Я охотно принимаю упрек в несдержанности — он мною заслужен. Я сознаю, что у меня вспыльчивый характер, и что выражение недовольства у меня бывает резкое. Пусть меня критикуют, когда я неправ. Но не постигаю, почему нужно сочинять про меня злостныя небылицы? В Париже дирижер портит мне во французском театре русскую новинку, за которую я несу главную ответственность перед автором, перед театром и перед французской публикой. Во время действия я нахожу себя вынужденным отбивать со сцены такты. Этот грех я за собою признаю. Но я не помню случая, чтобы я со сцены, во время действия, перед публикой произносил какия нибудь слова по адресу дирижеров. А в газетах пишут, что я так его со сцены ругал, что какия то изысканныя дамы встали с мест и, оскорбленныя, покинули зал!.. Очевидно, сознание, что я недостаточно оберегаю честь русскаго искусства, доставляет кому-то «нравственное удовлетворение»…
А какие толки вызвало в свое время награждение меня званием Солиста Его Величества. В радикальных кругах мне ставили в упрек и то, что награду эту мне дали, и то, что я ее принял, как позже мне вменяли в преступление, что я не бросил назад в лицо Луначарскому награды званием Народнаго артиста. И так, в сущности, водится до сих пор. Если я сижу с русским генералом в кафе de la Рaиx, то в это время где нибудь в русском квартале на rue de Banquиers обсуждается вопрос, давно ли я сделался монархистом или всегда был им. Стоит же мне на другой день в том же кафе встретить этакого, скрывающаяся неизестно от кого, знакомаго коммуниста Ш. и выпить с ним стакан портвейну, так уже на всех улицах, где живут русские, происходит необыкновенный переполох. В конце концов, они понять не могут:
— Монархист Шаляпин или коммунист? Одни его видели с генералом Д., а другие — с коммунистом Щ…
3амечу, что все сказанное служит только некоторым предисловием к разсказу об одном из самых нелепых и тяжелых инцидентов всей моей карьеры. Без злобы я говорю о нем теперь, но и до сих пор в душе моей пробуждается острая горечь обиды, когда я вспоминаю, сколько этот инцидент причинил мне незаслуженнаго страдания, когда я вспоминаю о той жестокой травле, которой я из-за него подвергался.
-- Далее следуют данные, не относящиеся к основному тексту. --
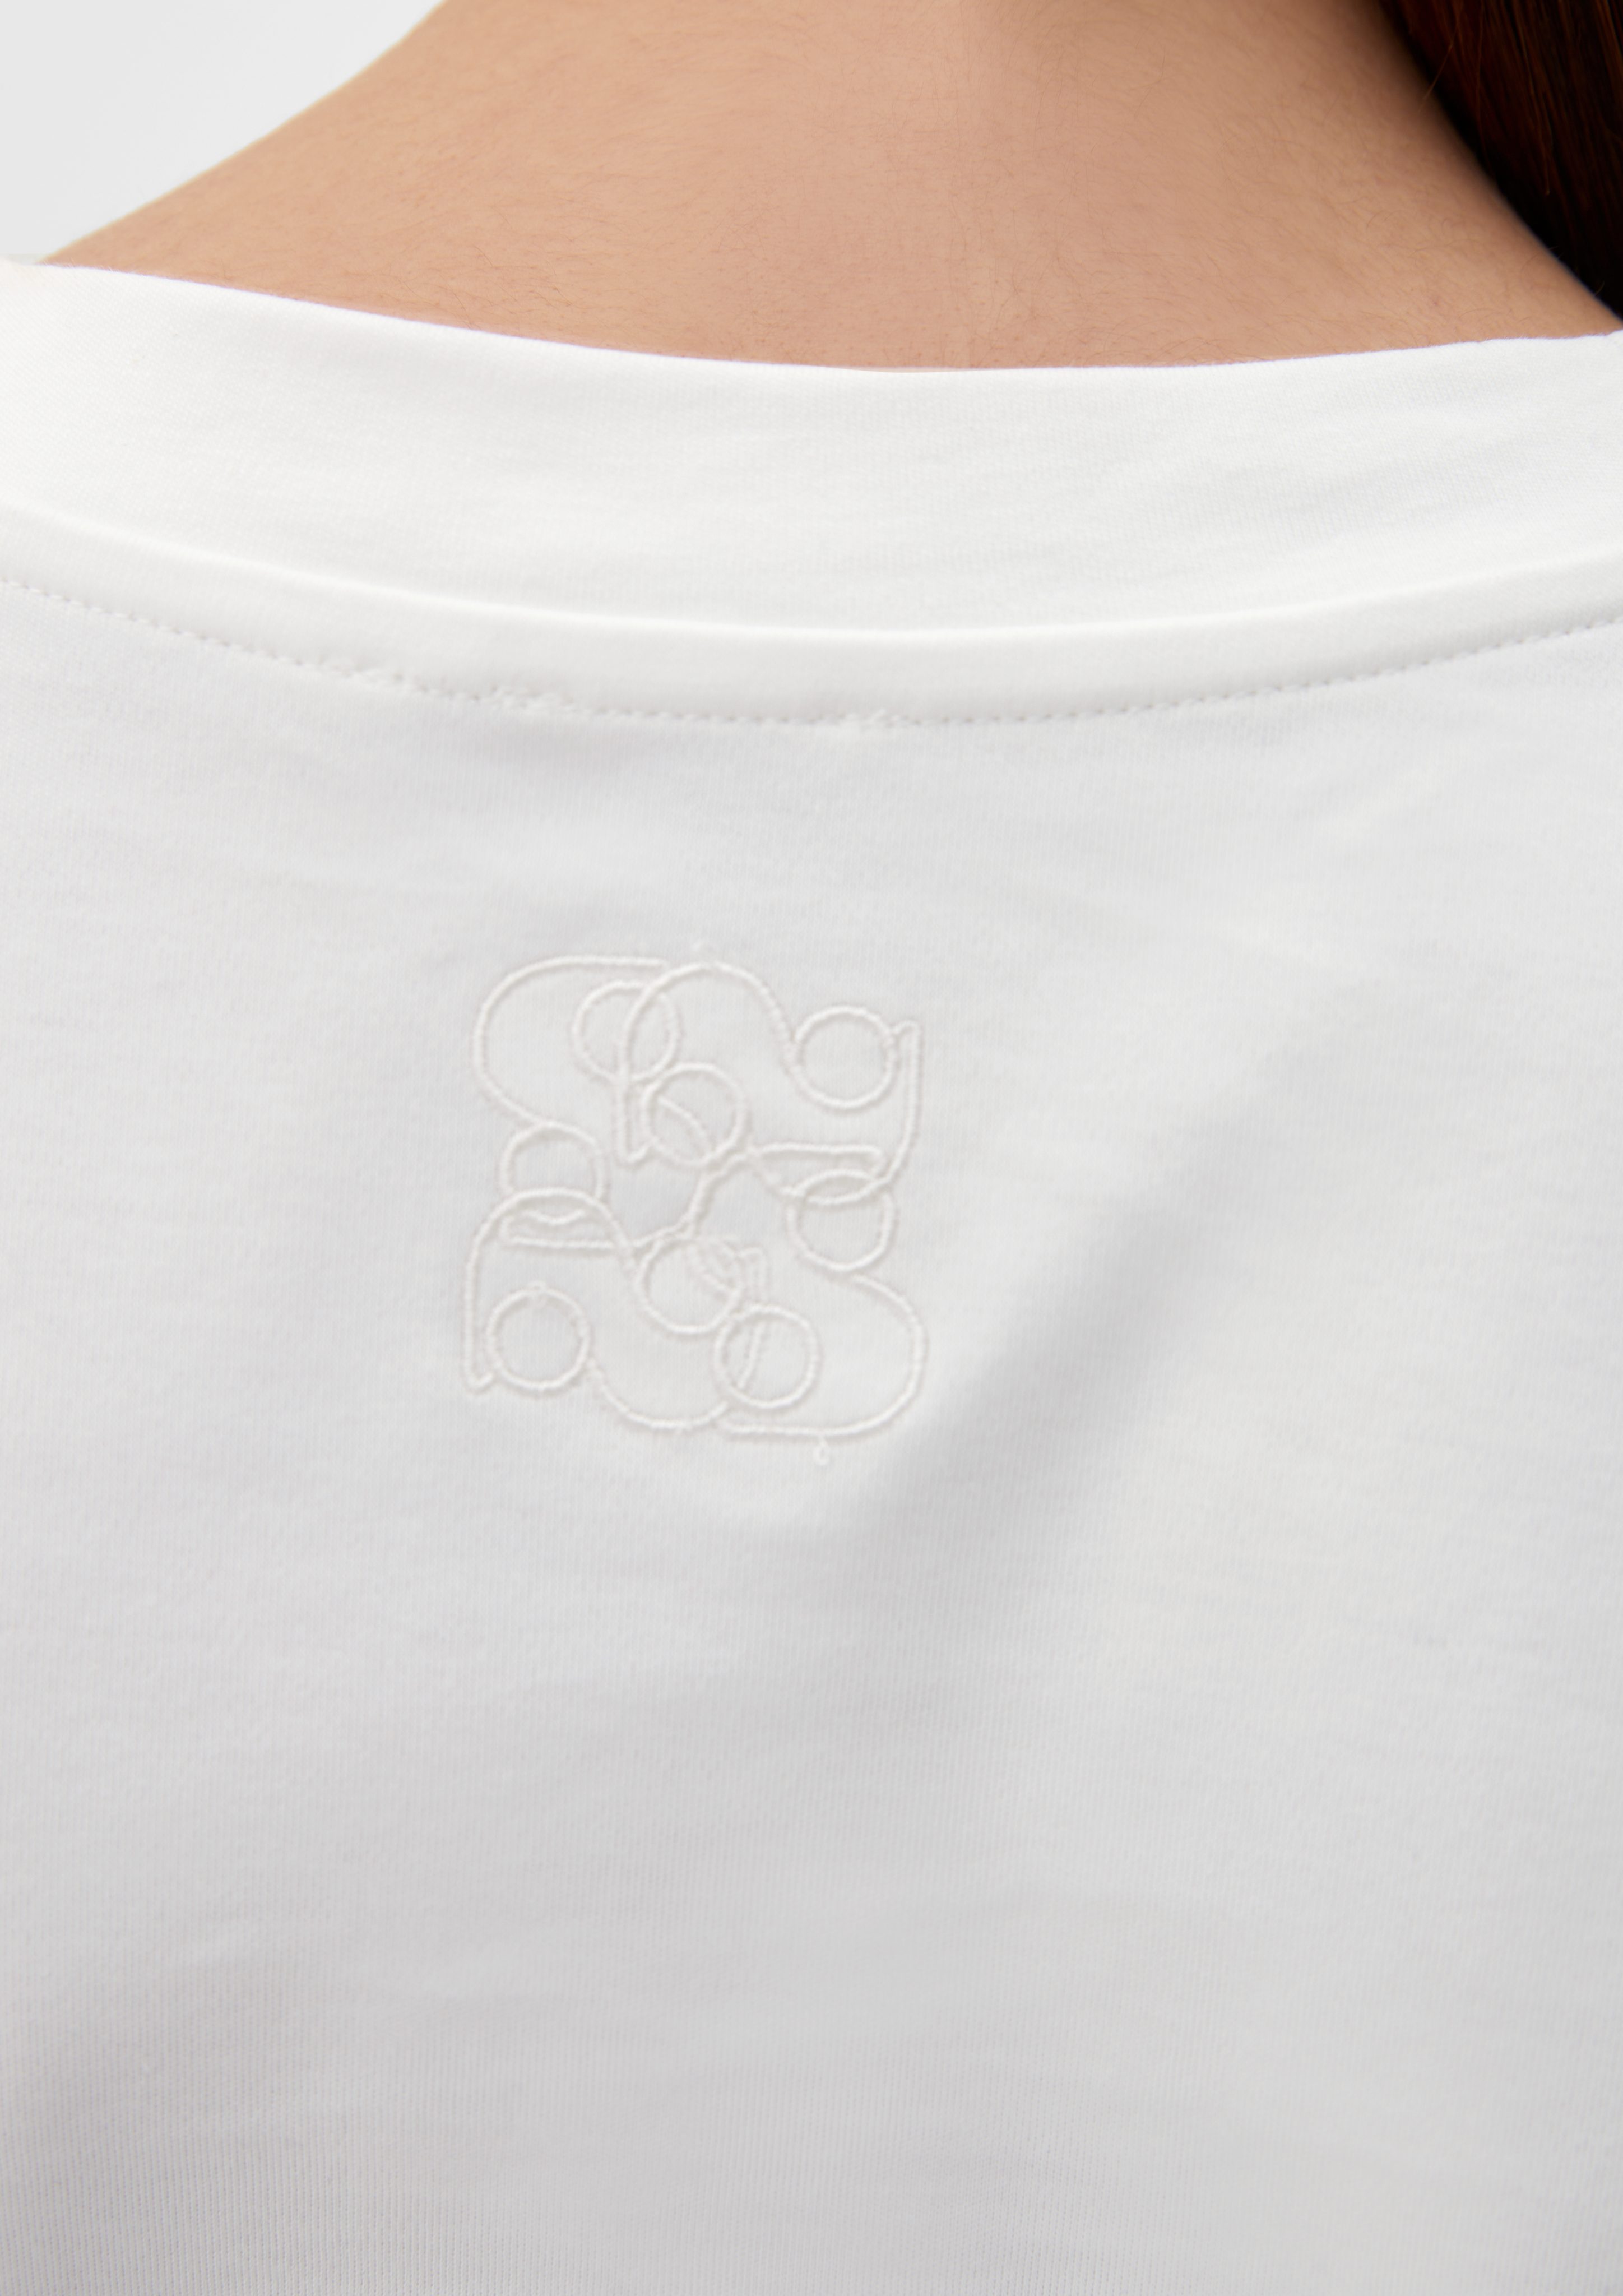 s.Oliver BLACK aus reiner ecru LABEL Stickerei Kurzarmshirt T-Shirt Baumwolle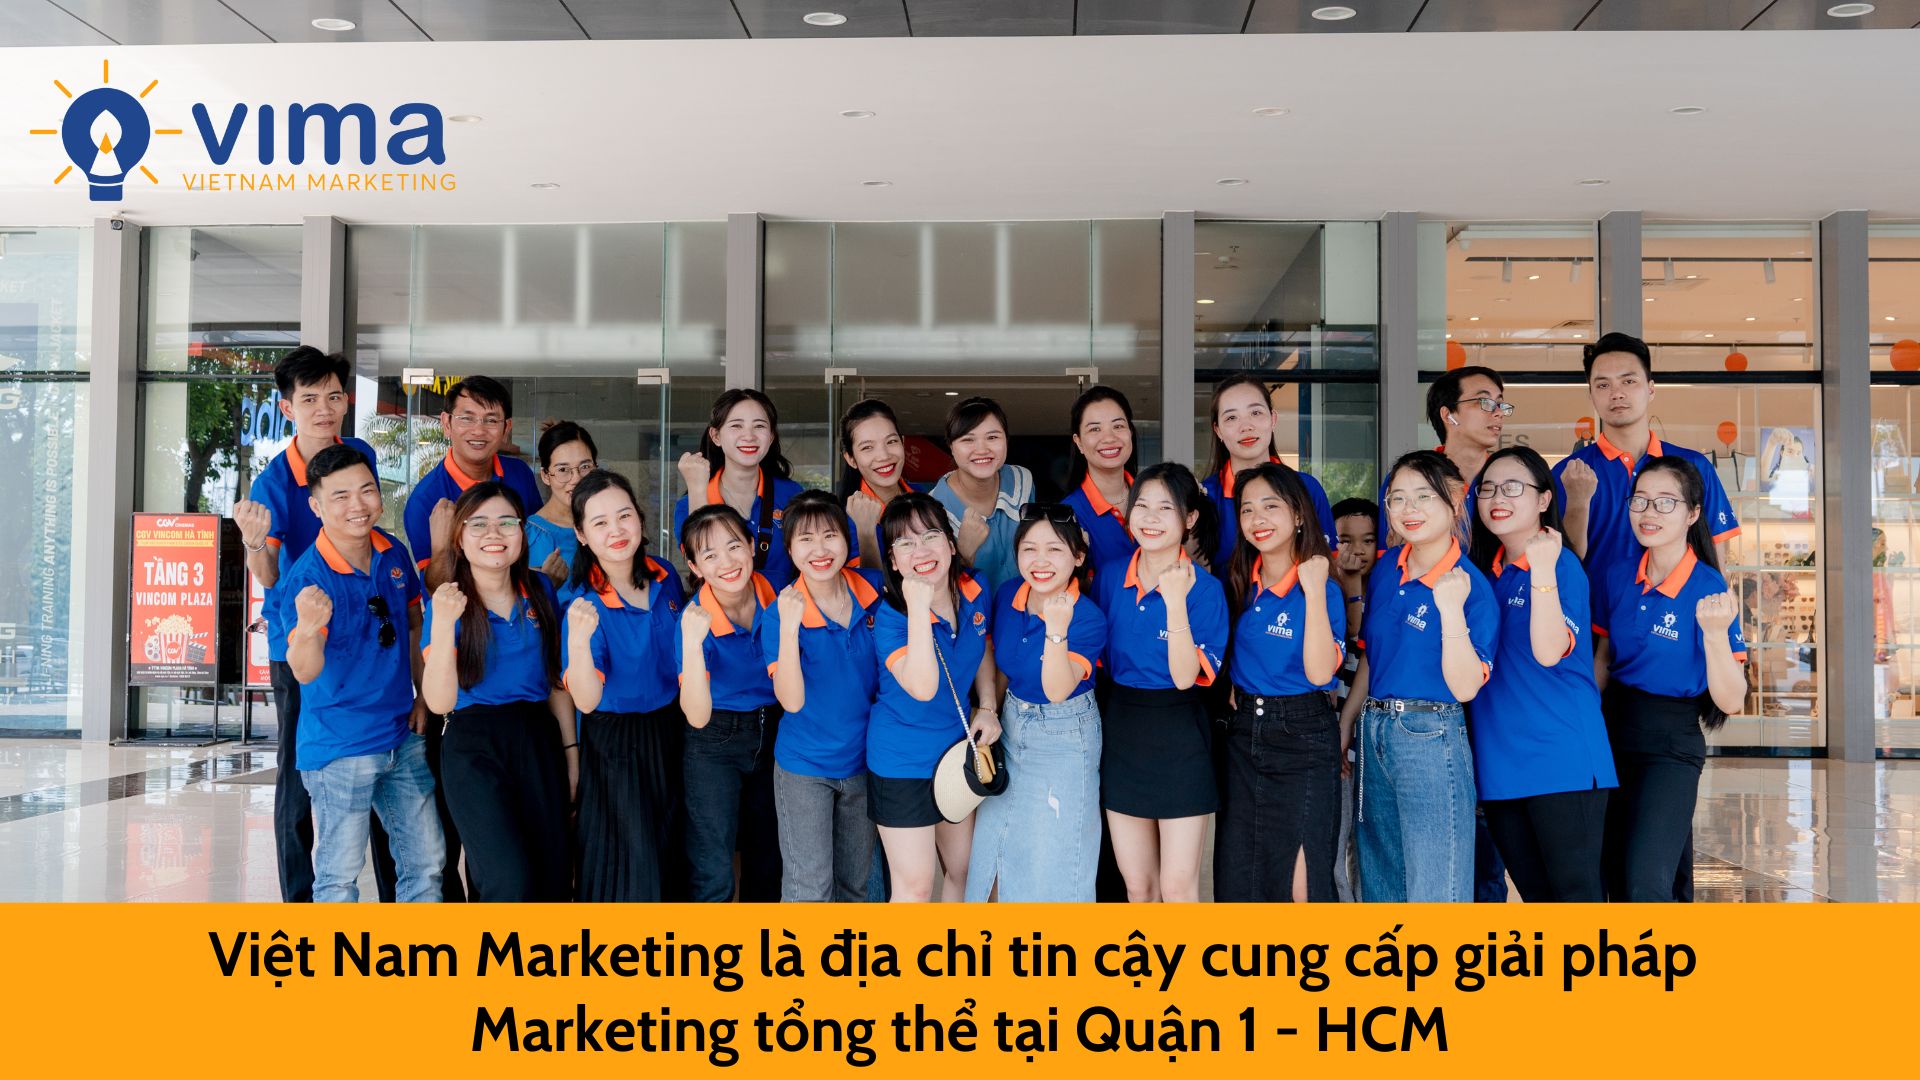 Việt Nam Marketing - đơn vị uy tín cung cấp giải pháp Marketing tổng thể

Государь Николай ии, в первый раз после Японской войны, собрался приехать на спектакль в Мариинский театр. Само собою разумеется, что театральный зал принял чрезвычайно торжественный вид, наполнившись генералами от инфантерии, от каваллерии и от артиллерии, министрами, сановниками, представителями большого света. Зал блестел сплошными лентами и декольте. Одним словом, сюпер-гала. Для меня же это был не только обыкновенный спектакль, но еще и такой, которым я в душе был недоволен: шел «Борис Годунов» в новой постановке, казавшейся мне убогой и неудачной.
Я знал, что в это время между хористами и Дирекцией Мариинскаго театра происходили какия то недоразумения материальнаго характера. Не то это был вопрос о бенефисе для хора, не то о прибавке жалованья. Хористы были недовольны. Они не очень скрывали своей решимости обявить в крайнем случай забастовку. Как будто, даже угрожали этим. Управляющей Конторой Императорских Театров был человек твердаго характера и с хористами разговаривал довольно громко. Когда он услышал, что может возникнуть забастовка, он, кажется, вывесил обявление в том смысле, что в случае забастовки он не задумается закрыть театр на неделю, на две недели, на месяц, т. е. на все то время, которое окажется необходимым для набора совершенно новаго комплекта хористов. Обявление произвело на хор впечатление, и он внешне притих, но обиды своей хористы не заглушили. И вот, когда они узнали, что в театр приехал Государь, то они тайно между собою сговорились со сцены подать Царю не то жалобу, не то петицию по поводу обид дирекции.
Об этом намерении хора я, разумеется, ничего не знал.